该试样夹持装置 3呈曲面型,待三维重建的一试样 4固定在该试样夹 持装置 3上, 所述试样夹持装置具有一顶点 33, 试样 4在该顶点处弯折, 从背景光源 2发出的漫反射光投射到该试样 4上。  The sample holding device 3 is curved, and a sample 4 to be three-dimensionally reconstructed is fixed on the sample holding device 3. The sample holding device has a vertex 33 at which the sample 4 is bent. The diffused light emitted from the background light source 2 is projected onto the sample 4.
该图像采集装置 7设置在该试样 4的一侧, 其可为 CCD摄像头、 CMOS 摄像头、 数码相机或数码摄像机, 其连接到计算机 10上, 从而计算机 10 可通过该图像采集装置 7实时地采集该试样 4的图像,得到试样 4在顶点 33处的侧面投影图像序列。  The image capture device 7 is disposed on one side of the sample 4, which may be a CCD camera, a CMOS camera, a digital camera or a digital video camera, which is connected to the computer 10, so that the computer 10 can collect the image in real time through the image capture device 7. The image of the sample 4 gives a sequence of side projection images of the sample 4 at the apex 33.
该试样驱动装置在本实施例中为一电机 5, 其优选为步进电机, 该电 机 5连接到计算机 10上, 由该计算机 10进行驱动控制。 该电机 5驱动夹 持在试样夹持装置 3上的试样 4均匀地通过所述顶点 33,由图 1可以看出, 试样 4沿纵向的某一位置会在顶点 33处发生弯折, 这样, 随着该试样匀 速地被驱动通过该顶点, 该试样 4纵向的每个位置均可在该顶点 33处发 生弯折,从而该图像采集装置 7能够依次得到该试样表面不同位置处的侧 面投影图像。 另外, 该电机 5可以直接驱动该试样夹持装置 3, 也可通过 一中间传动机构(未示出)驱动所述试样夹持装置, 该中间传动机构一般 为一减速齿轮组, 从而可以适当的速度驱动该试样运动。  In the present embodiment, the sample driving device is a motor 5, which is preferably a stepping motor, which is connected to the computer 10, and is driven and controlled by the computer 10. The motor 5 drives the sample 4 clamped on the sample holding device 3 to uniformly pass through the apex 33. As can be seen from Fig. 1, the sample 4 is bent at a vertex 33 at a certain position in the longitudinal direction. Thus, as the sample is driven through the apex at a uniform velocity, each position of the longitudinal direction of the sample 4 can be bent at the apex 33, so that the image acquisition device 7 can sequentially obtain different surface of the sample. A side projection image at the location. In addition, the motor 5 can directly drive the sample holding device 3, and the sample holding device can also be driven by an intermediate transmission mechanism (not shown), which is generally a reduction gear set, so that The sample is moved at an appropriate speed.

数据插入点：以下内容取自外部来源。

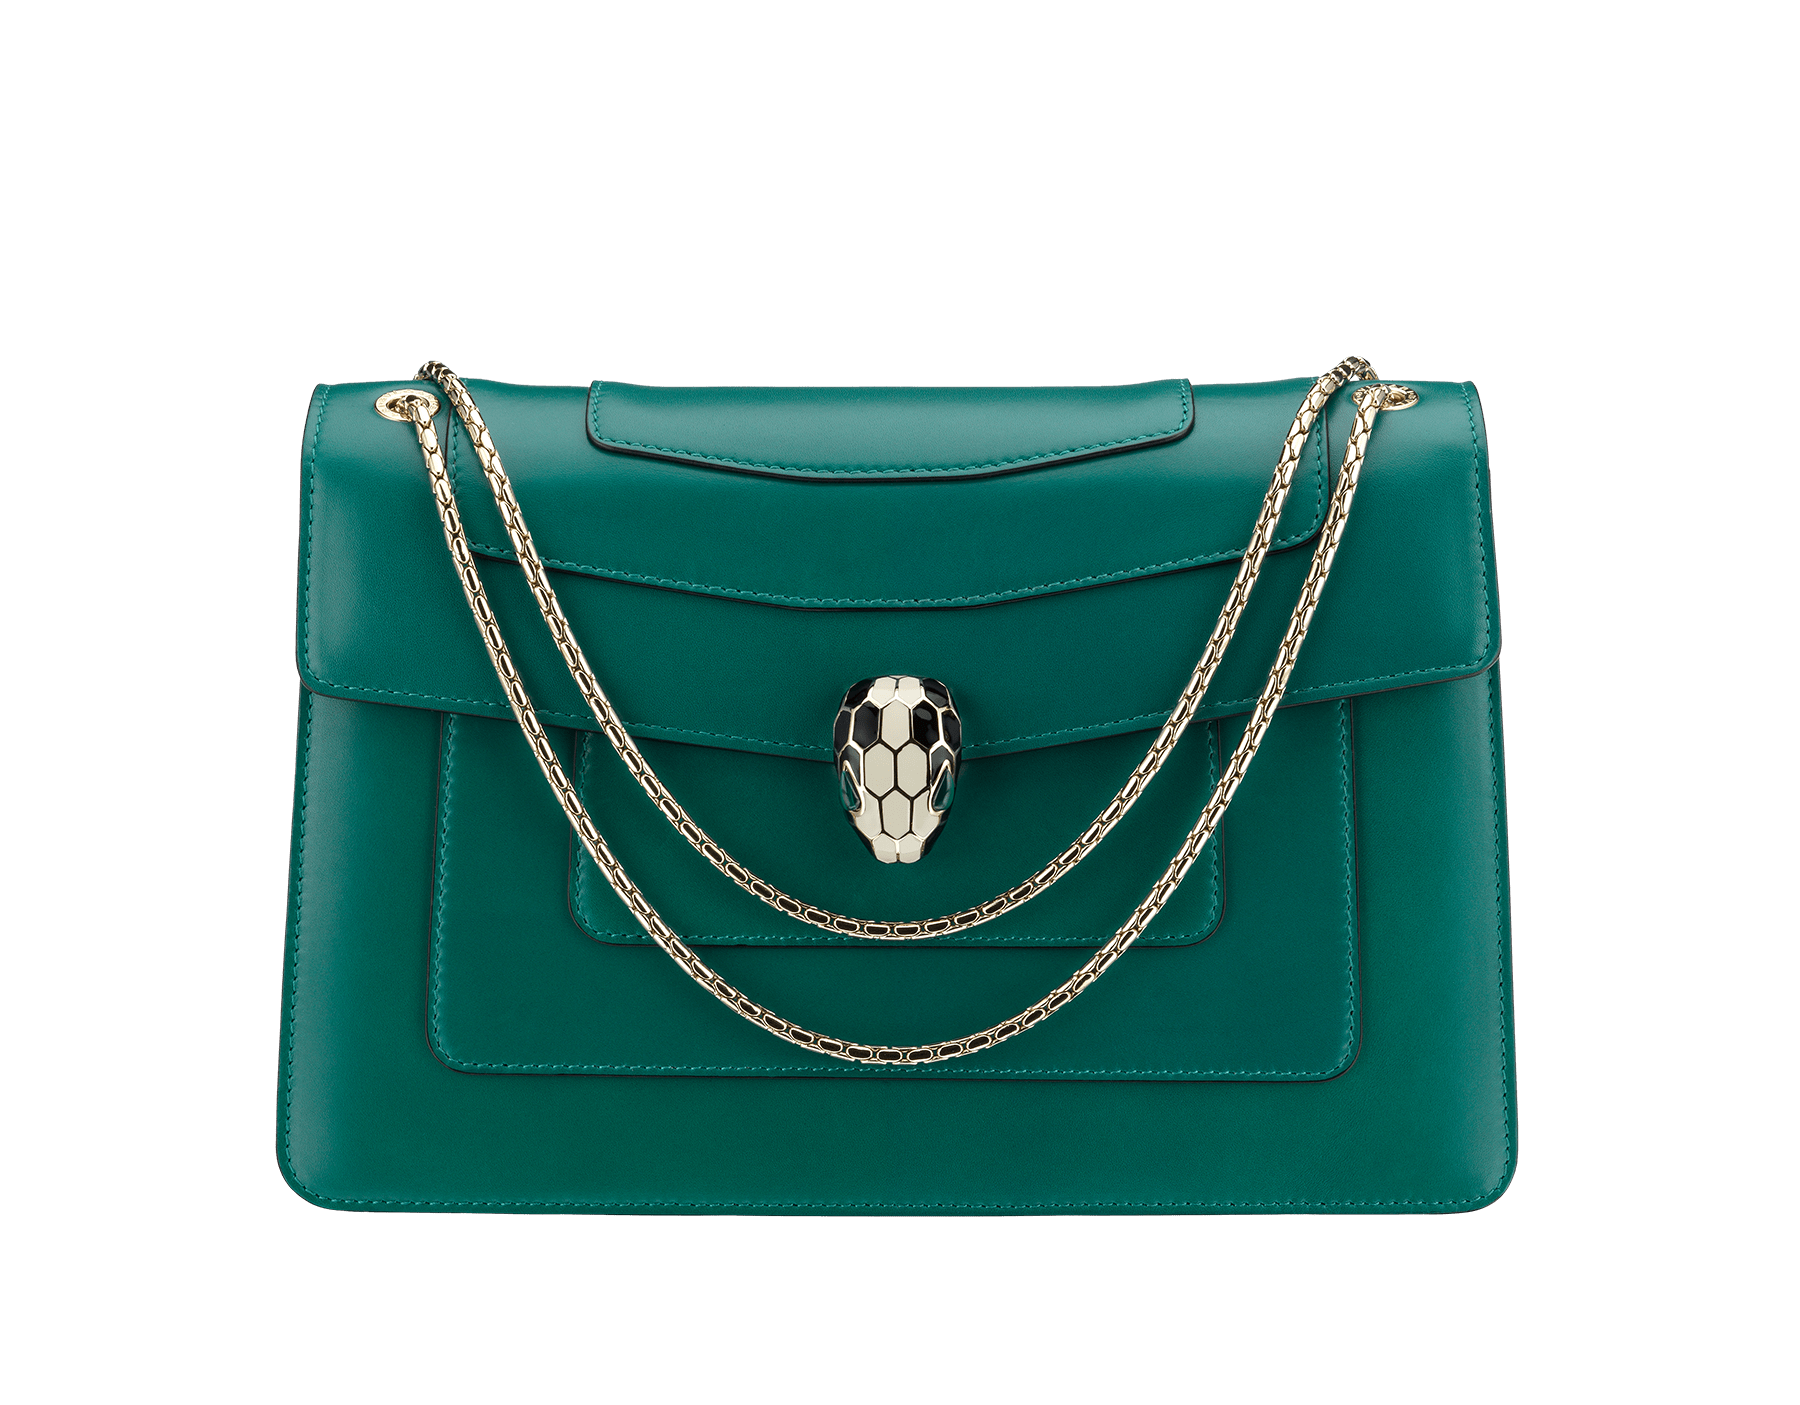 bulgari new handbag collection

本系统的计算机 10是整个系统的控制中心和图像的处理中心,如图 6 所示, 其除了包括常规的中央处理单元 CPU和存储器之外, 还包括一图像 采集卡 101、 一电机驱动器 102和一图像处理模块 104。 该图像采集卡与 所述图像采集装置 7相连, 用于将采集到的图像数字化, 并将其存储到存 储器中。 所述电机驱动器与所述电机 5相连, 用于控制所述电机 5以预定 的速度或步长运转。 The computer 10 of the system is a control center of the entire system and a processing center of the image, as shown in FIG. 6, which includes an image capture card 101, a motor driver 102, and a conventional central processing unit CPU and memory. An image processing module 104. The image capture card and The image acquisition device 7 is connected for digitizing the acquired image and storing it in a memory. The motor driver is coupled to the motor 5 for controlling the motor 5 to operate at a predetermined speed or step.

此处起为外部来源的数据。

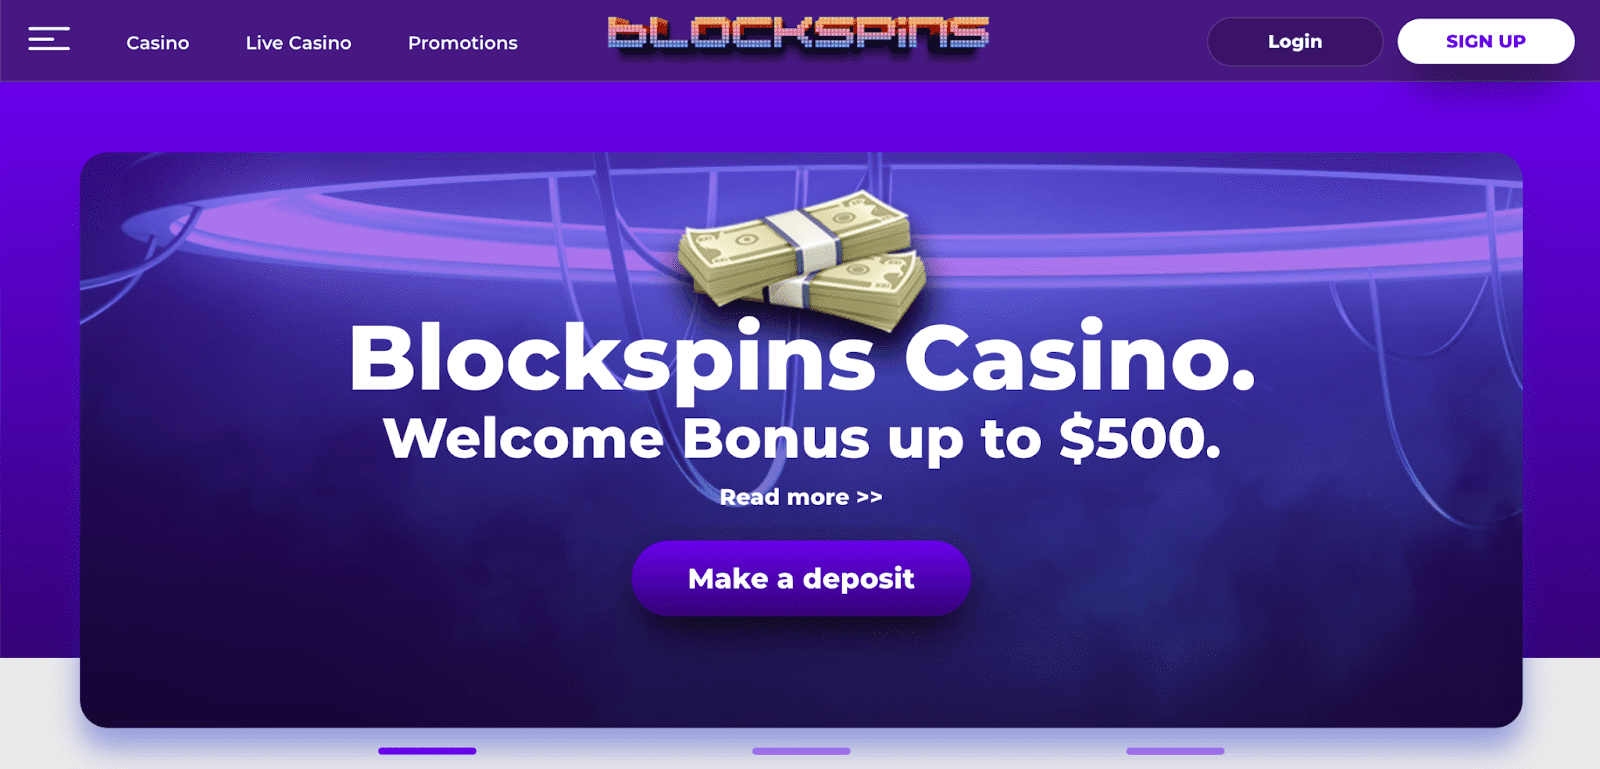 Blockspins casino

该图像处理模块 104还进一步包括一轮廓提取模块 1041和一拼接模 块 1042, 所述轮廓提取模块 1041用于提取每一帧图像的侧面投影高度信 息, 所述拼接模块 1042用于将所述侧面投影高度信息按采样顺序拼接得 到所述试样表面的三维立体图像。上述轮廓提取模块和拼接模块可以由电 子线路实现, 也可是在计算机 10中运行的软件程序。  The image processing module 104 further includes a contour extraction module 1041 and a splicing module 1042, the contour extraction module 1041 is configured to extract side projection height information of each frame image, and the splicing module 1042 is configured to project the side projection The height information is spliced in the sampling order to obtain a three-dimensional image of the surface of the sample. The contour extraction module and the splicing module described above may be implemented by an electronic circuit or a software program running in the computer 10.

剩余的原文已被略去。